裁判員裁判について‐内田樹さんの疑問に答えて

思想家・武道家で知られる内田樹さんが「裁判員制度の『成功』について」と題するブログを掲載されていることをツイッターで知りました。その中で,「この制度がどういう歴史的文脈の中で策定されたものなのか,本当のところ一体何を実現しようとしているのかそこがよくわからない」という発表がゼミでなされたことを紹介し,「これだけのコスト」に見合う成果なのかと疑問を投げかけておられます。

内田さんがこのような疑問を持たれるのであれば,一般の方も同様でしょう。そこで,ゼミの発表者の方が疑問に思われた点にお答えしたいと思いました。それは,平成13年から7年間,日弁連の司法改革調査室の嘱託弁護士として司法改革に携わってきた私の義務でもあると思うからです。

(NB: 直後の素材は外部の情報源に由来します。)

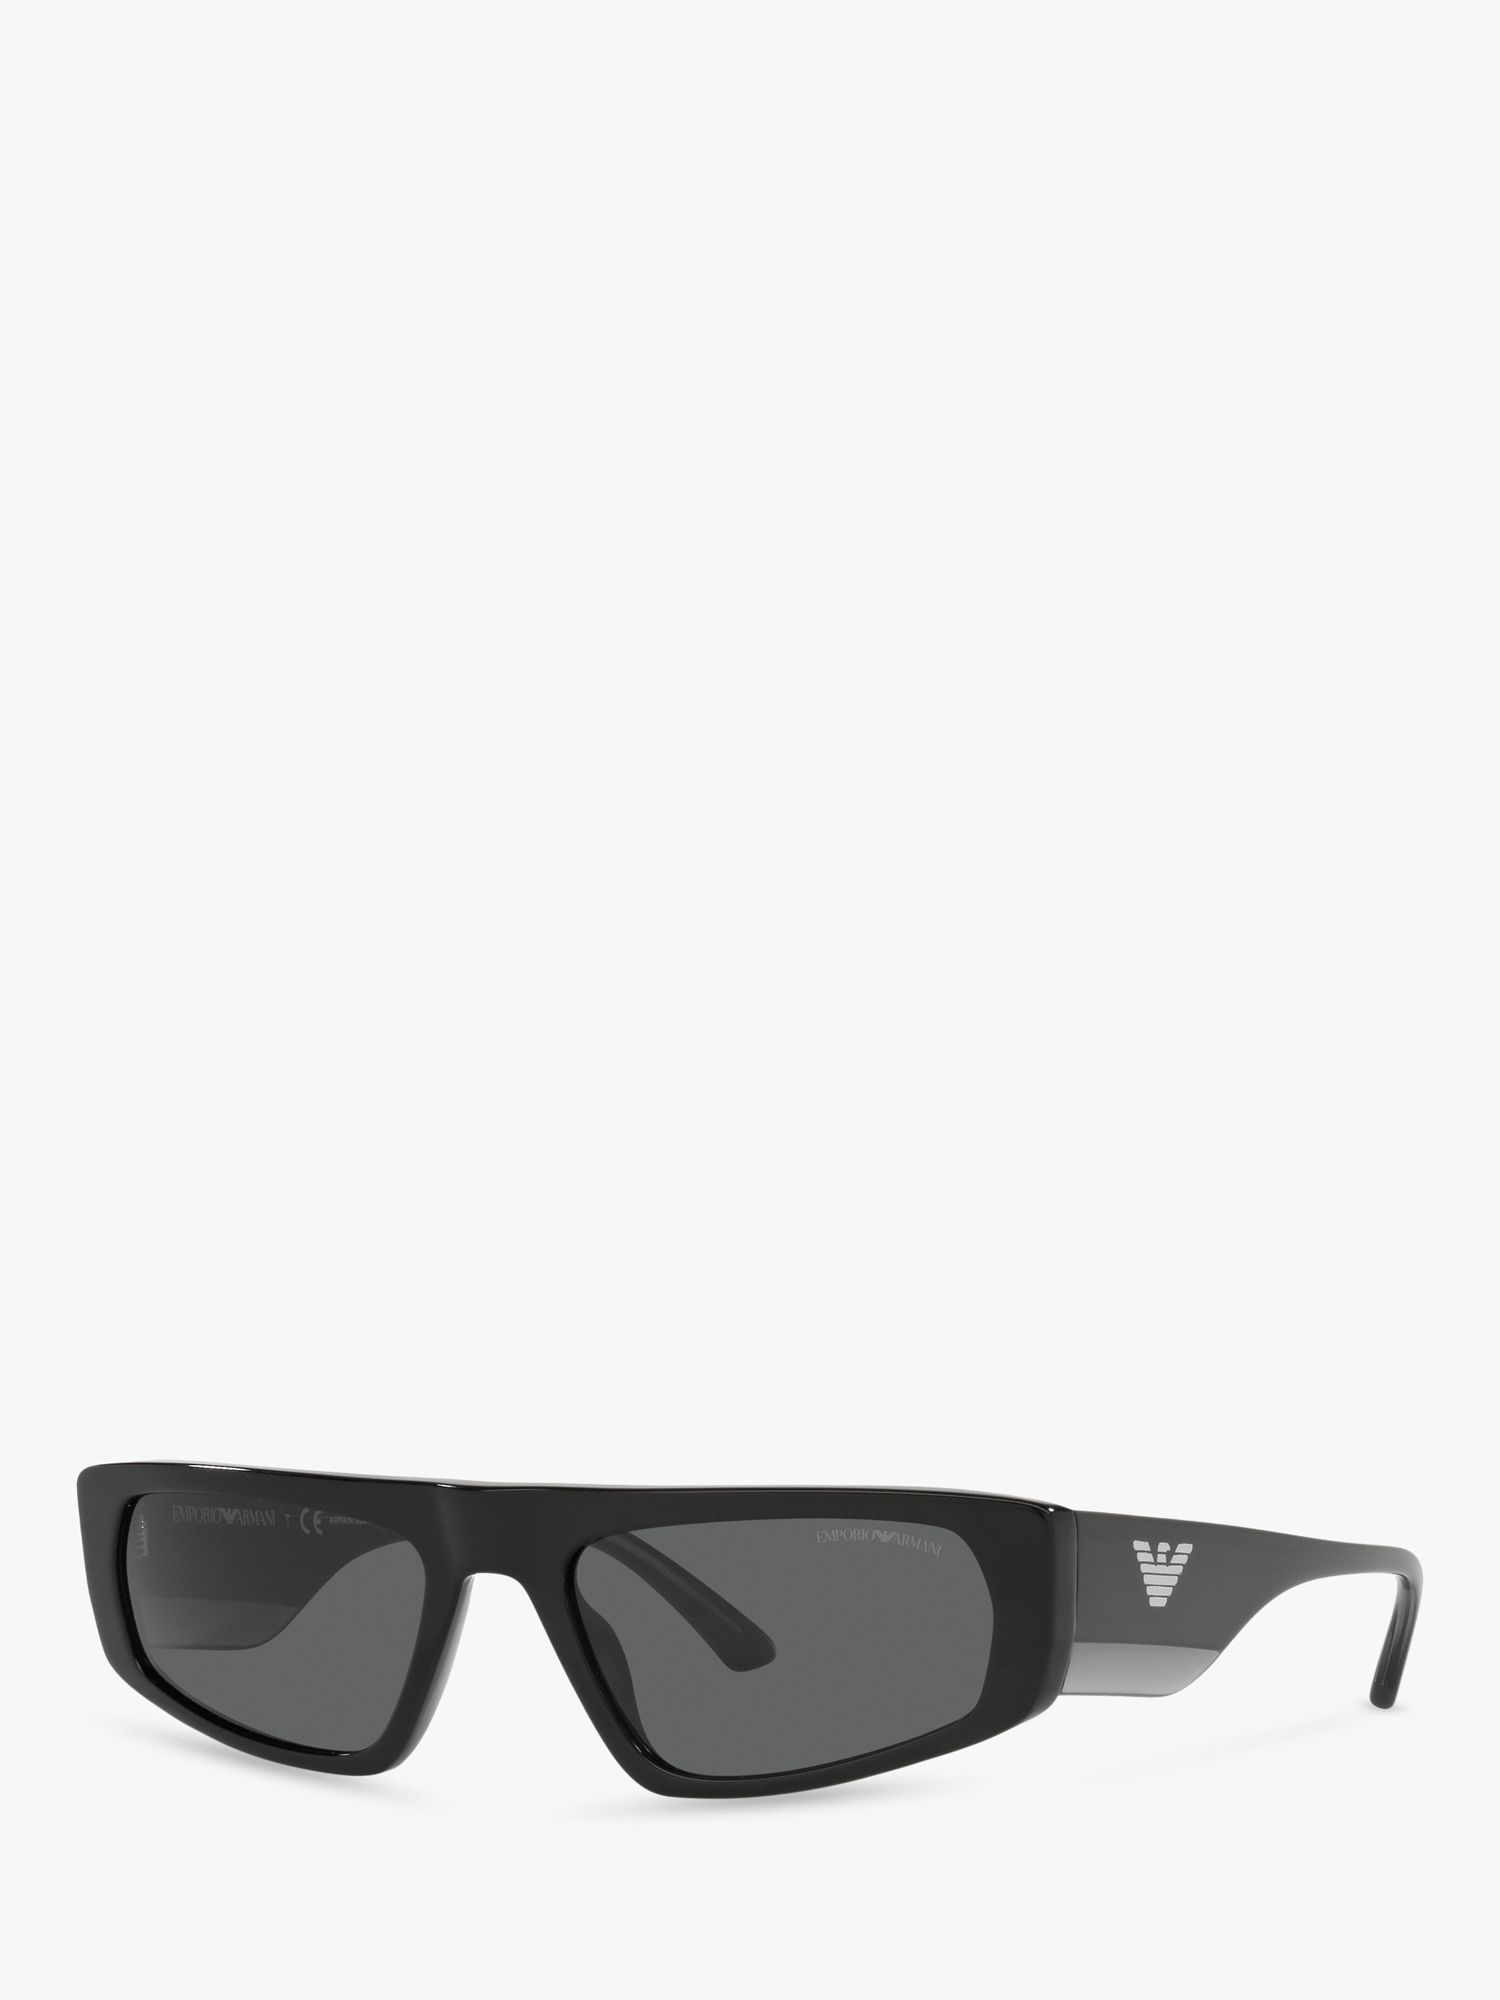 Emporio Armani EA4168 Men's Pillow Sunglasses, Black/Grey at John Lewis &  Partners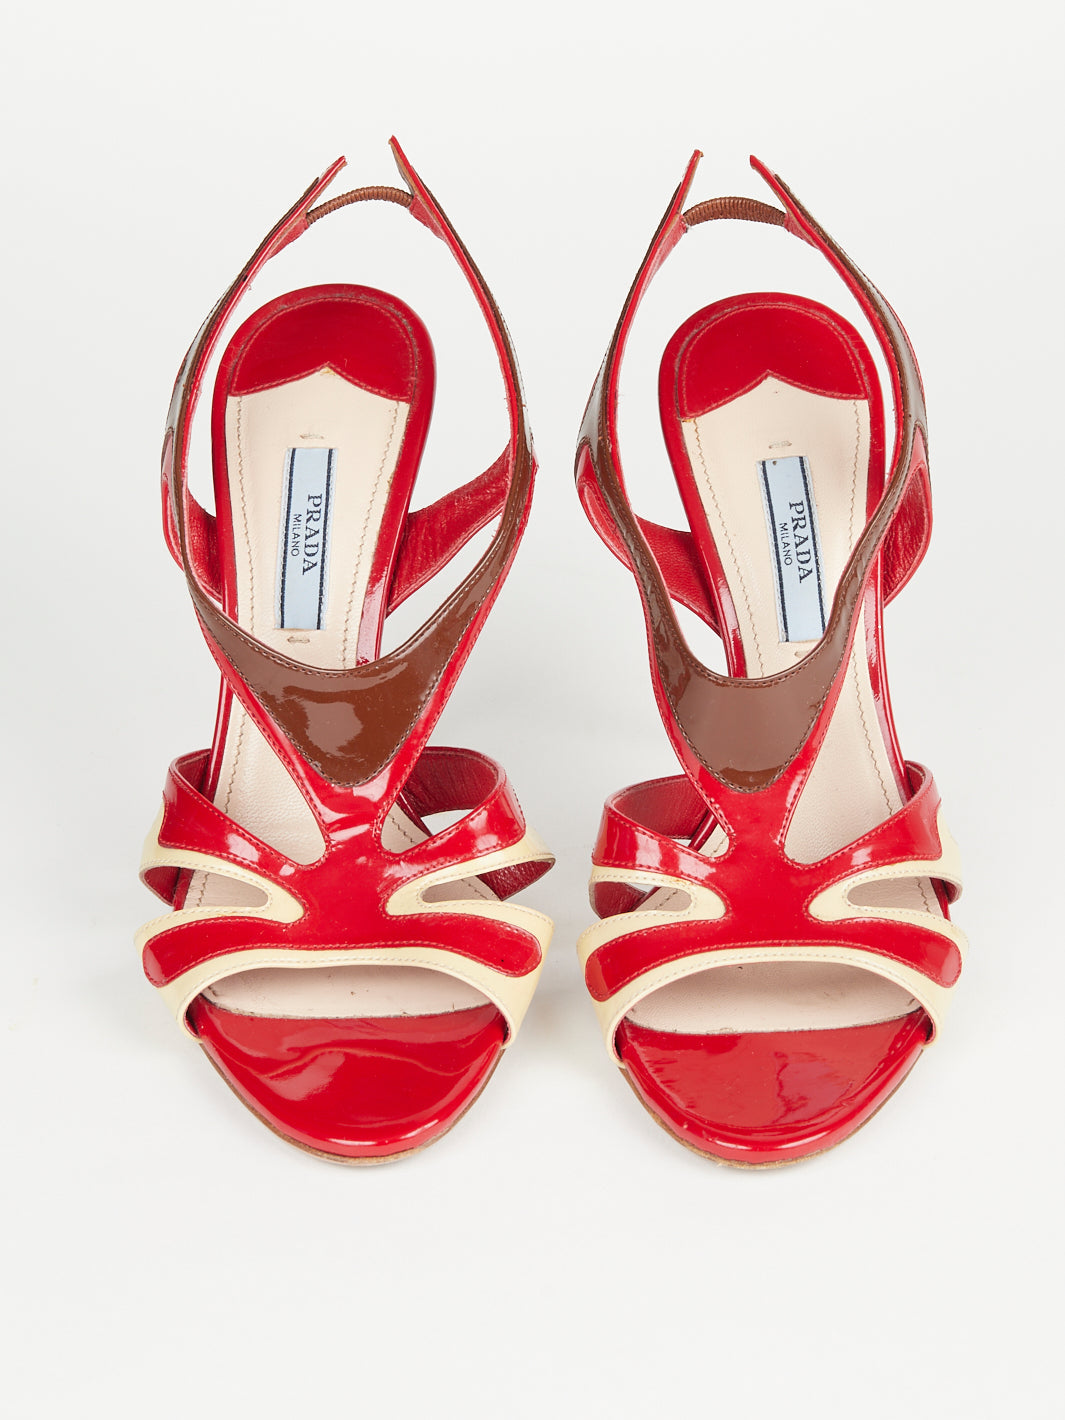 2010 Prada slingback Fiamma sandal in patent leather with heel

昭和60年,刑事法の大家であった平野竜一元東大教授は,調書偏重の実態を指して,「わが国の刑事裁判はかなり絶望的である」と書きました。その状況はそれ以降も厳しさを増していました。何しろ起訴前に弁護人が就くことはまだまだ少なかった時代,警察検察は取りたい調書を取っていました。被告人が公判で自白の強要を訴えても容れられることはなく,弁護人が法廷で敵性証人の供述を覆しても,調書の方が採用されました。刑事弁護人の中には,捜査をチェックする意欲も能力もない裁判所に対する憤りが渦巻いていました。

そうした弁護人の中に,四宮啓弁護士を中心とする,陪審制の実現を目指すグループがありました。司法改革の議論の中で,日弁連の議論をリードし,政府が当初の予定に入れていなかった陪審の必要性を審議会に認めさせたのは四宮弁護士たちの活動の成果でした。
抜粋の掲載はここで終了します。